Агнесса охотно посидела бы и дольше в ресторане, где ей подали завтрак. Тут была всего-навсего одна зала; все столики у окон на улицу и на двор были отведены немецким офицерам. Сейчас немцев было здесь только пятеро или шестеро, но их присутствие сковывало языки. Агнесса, которая постаралась устроиться так, чтобы их не видеть, наслаждалась покоем. Удобно откинувшись на спинку скамьи, она, расслабив мускулы, отдыхала всем телом, каждой жилкой. Но тут она увидела, что в вестибюль набилась штатская публика и ждет, стоя в очереди, когда освободится столик. Должно быть, люди эти в том же положении, что и она, напомнила себе Агнесса. Ей подали счет одновременно с довольно неаппетитным дессертом.
Пришлось снова начать свои блуждания по городу. Вскоре Агнесса очутилась на знакомом перекрестке, и отсюда, с самого конца безлюдной улицы, она вновь увидела, на сей раз с другой стороны, немецкую заставу на берегу Алье. Чувство, что она перебралась в какой-то чужой мир, внезапно обрушилось на нее, прибавив к прежним страхам еще неизведанный страх. До этой минуты его вытесняла одна, почти маниакальная мысль, господствовавшая над всем прочим, - перебраться через границу. Теперь же Агнесса подумала о своем сынишке, с которым никогда не расставалась, разве что когда ездила ненадолго в Кань или в прошлом году - в Марсель. Но ведь тогда речь шла всего о нескольких часах, ну самое большее о сутках, и отовсюду можно было позвонить на мыс Байю по телефону. А сейчас! Она ничего не знает о Рокки и сколько еще времени ничего о нем не узнает. Аусвейс был действителен в течение трех недель. Если в это время что-нибудь случится с мальчиком, немедленно сообщат Мано и примут все необходимые меры, но она, мать, так ничего и не узнает. Да и чего ждать от этой системы двух зон с этими семейными открыточками, которые путешествуют по нескольку недель, с этим телефоном, обрывающимся у демаркационной линии, и с этими телеграммами, которые пробиваются через преграду лишь как вестники беды!.. Кровь прилила к вискам, Агнессе представилось самое страшное, и она прокляла это путешествие. Она не проклинала Буссарделей; ведь они лишь известили ее о семейном трауре. Это она, она сама, в порыве идиотской чувствительности, не думая о последствиях, приняла безумное решение.
Но ничего не поделаешь! Нельзя же в самом деле отправляться обратно. Особенно после всех тягот, которые она сама на себя взвалила, добиваясь пропуска... Тяжелым шагом Агнесса направилась в центр незнакомого городка.

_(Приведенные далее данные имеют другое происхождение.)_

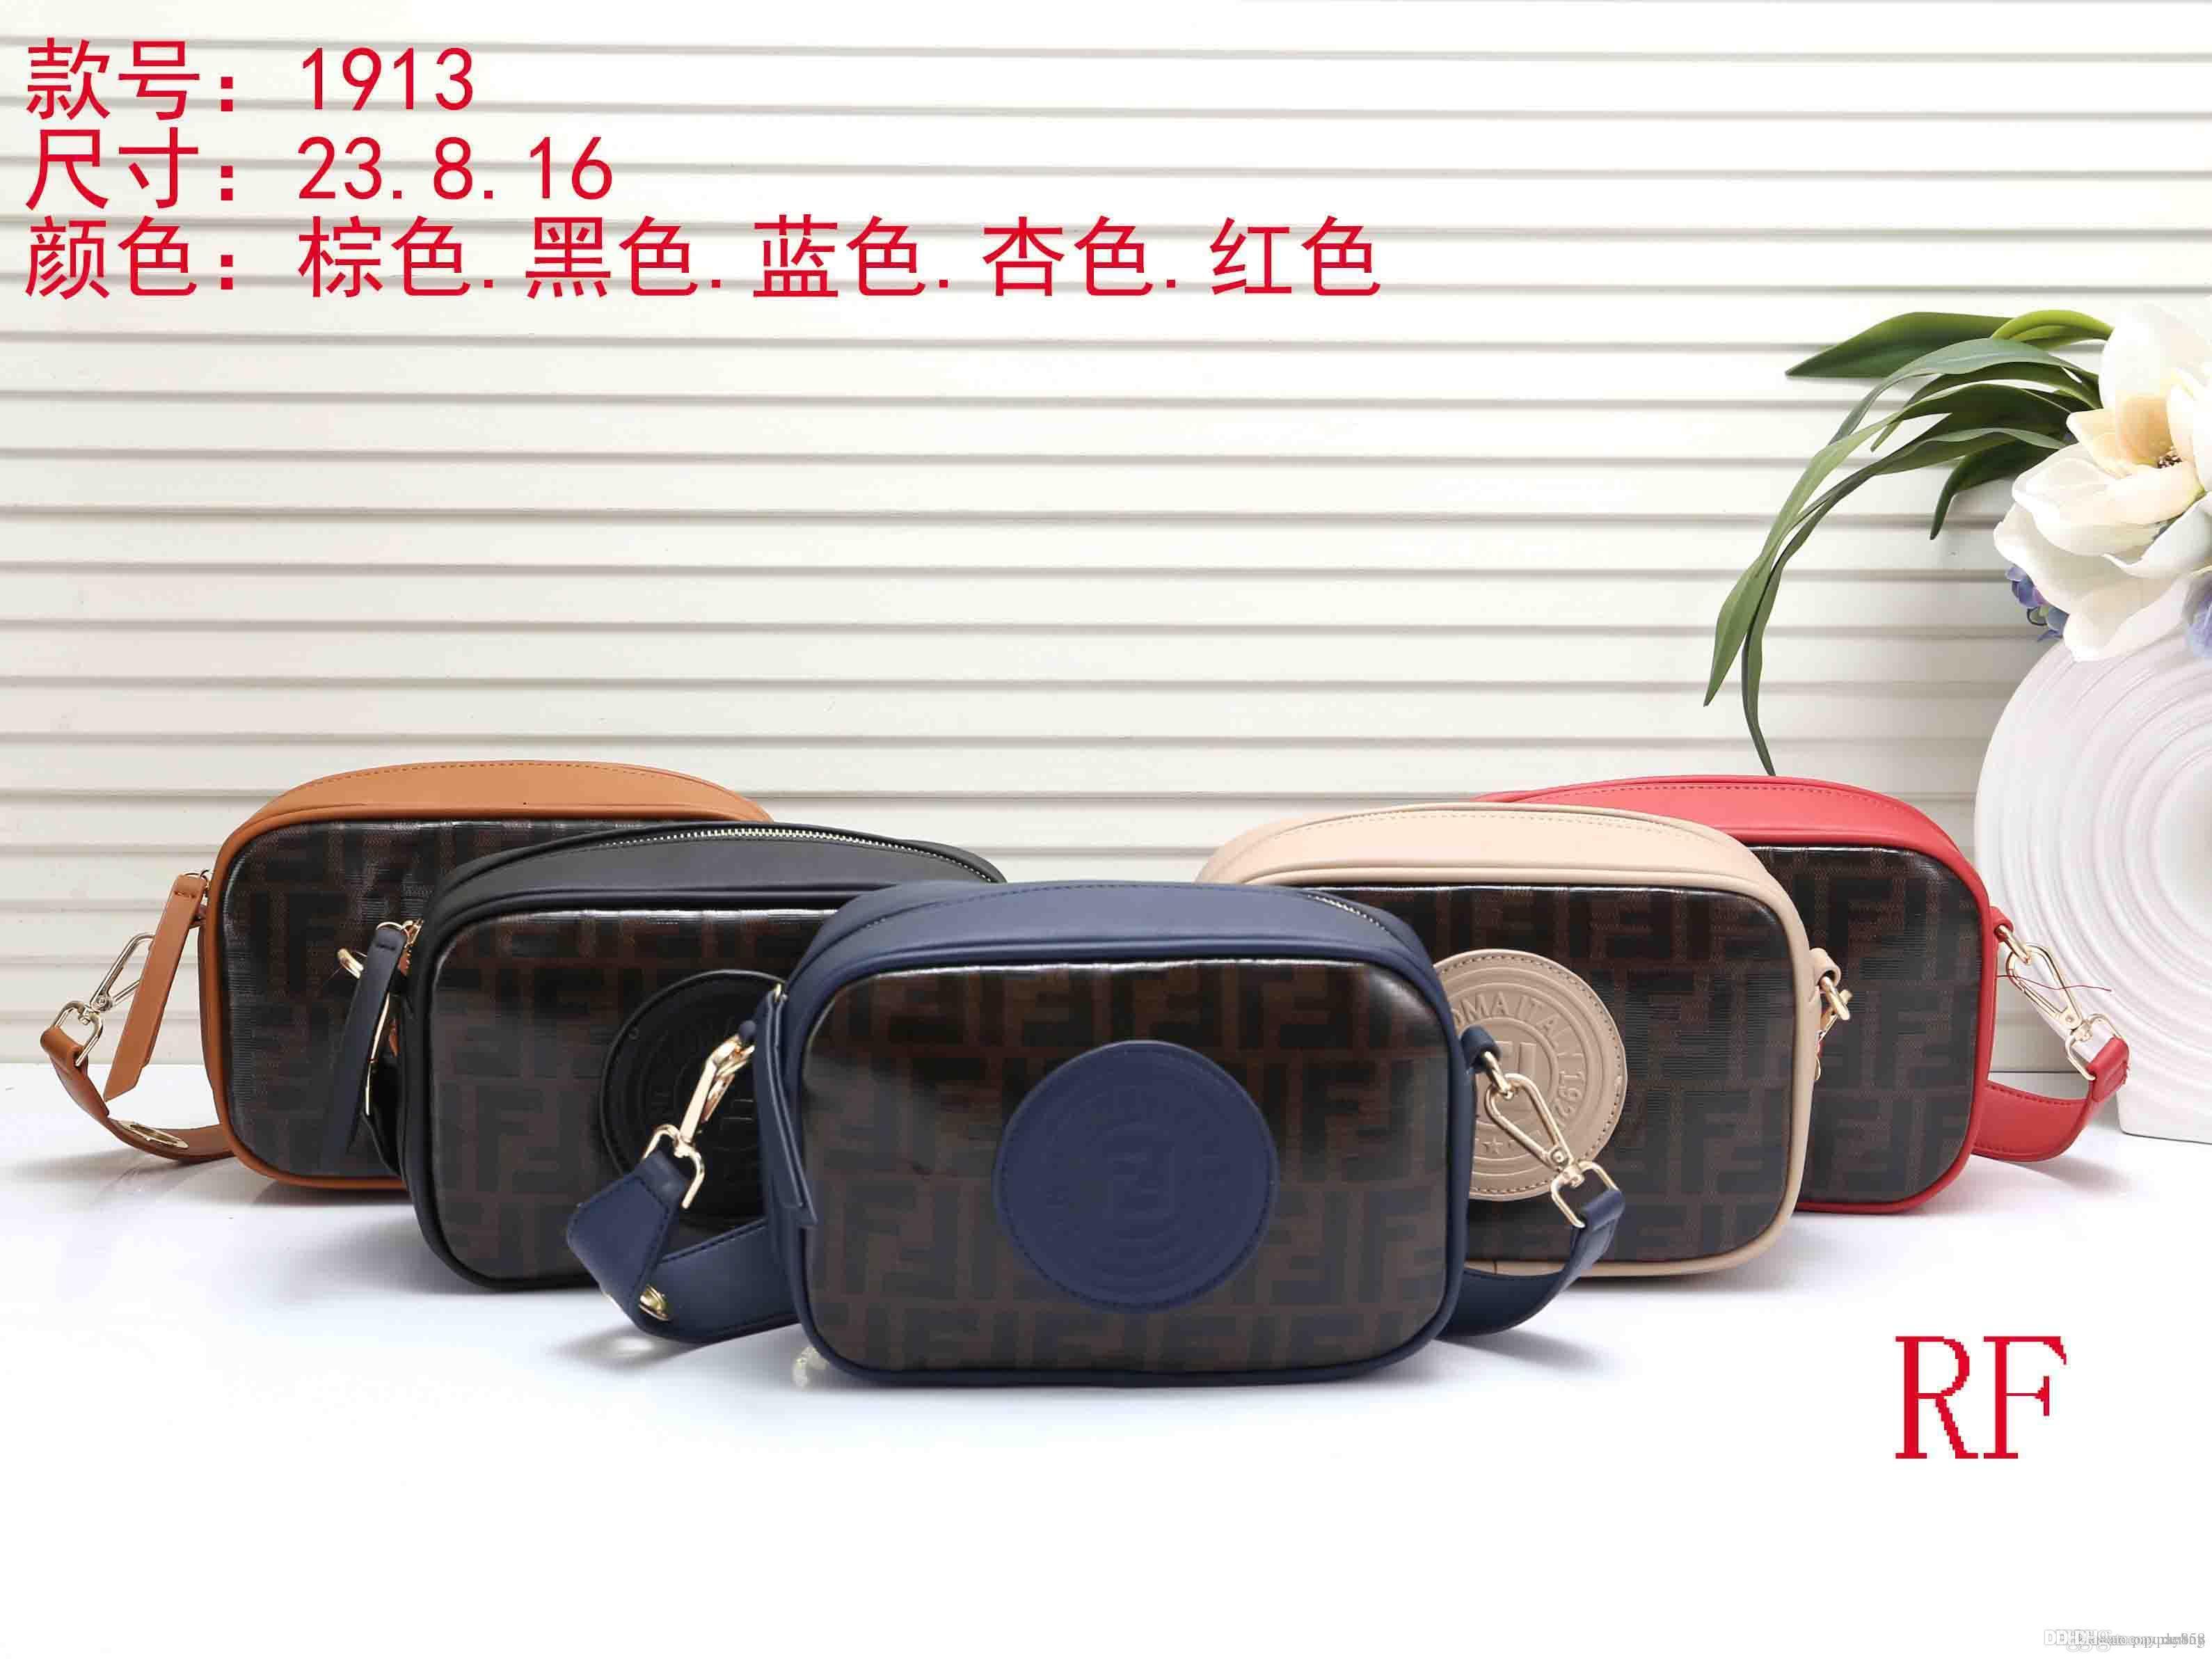 TTT 1913 RF Miglior prezzo delle signore delle donne di alta qualità singola borsa tote spalla zaino borsa Portafoglio MMMMMM

До прихода поезда надо было как-то убить целых три часа. Случай или интуиция привели ее в старую часть города, она бродила по лабиринту узких улочек и остановилась перед букинистическим магазином. На витрине были выставлены старинные издания, популярные гравюры. Агнесса взялась за ручку двери, и створки, распахнувшись, разбудили звонок, который по-старчески затренькал.

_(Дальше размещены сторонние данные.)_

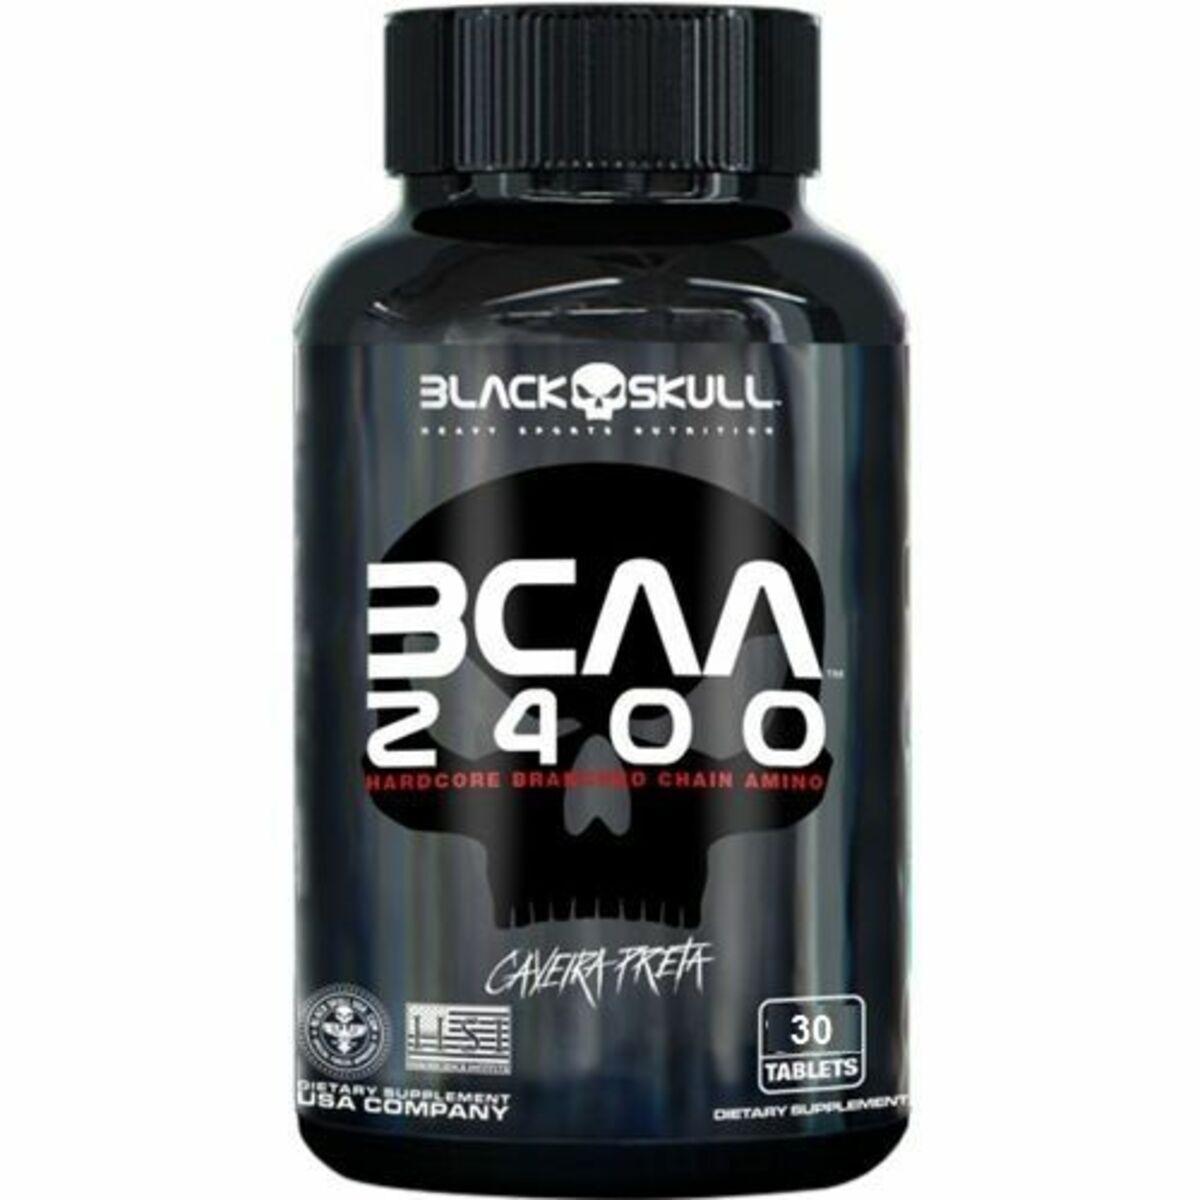 Bcaa 2400 - 30 Tablets - Black Skull

В помещении за лавкой не сразу зашевелились, и когда седовласая женщина открыла дверь, Агнесса успела разглядеть за ее спиной целую анфиладу крохотных комнатушек и чистенький садик, зеленевший позади дома.

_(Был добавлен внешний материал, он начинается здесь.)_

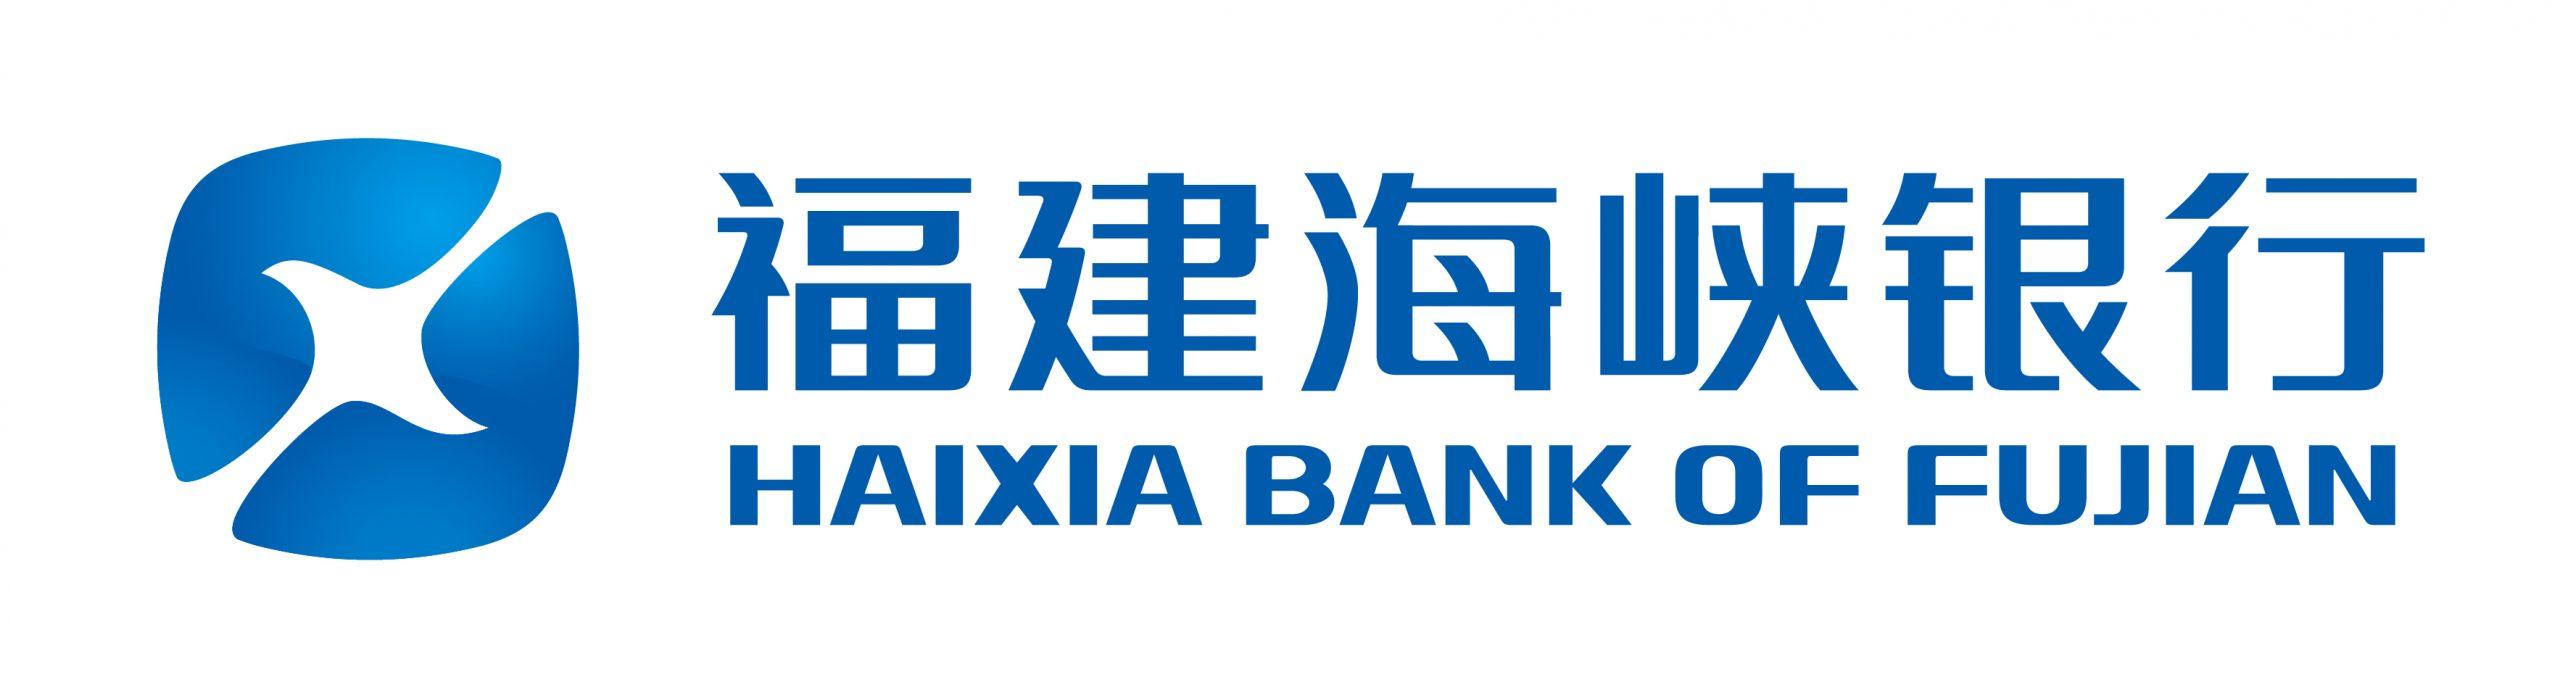 Fujian Haixia Bank

- Добрый день, мадам, - начала Агнесса. - Я здесь проездом, и мне хотелось бы привезти из Мулэна что-нибудь на память ребенку. Мальчику, но еще очень маленькому: ему три года.
- Для таких лет! - улыбнулась хозяйка. - Может быть, какое-нибудь старое издание с картинками. Только не знаю, есть ли у меня такое,
Она подняла голову к полке, прибитой чуть ли не под самым потолком, но тут за спиной Агнессы снова затренькал колокольчик и вошел солдат вермахта.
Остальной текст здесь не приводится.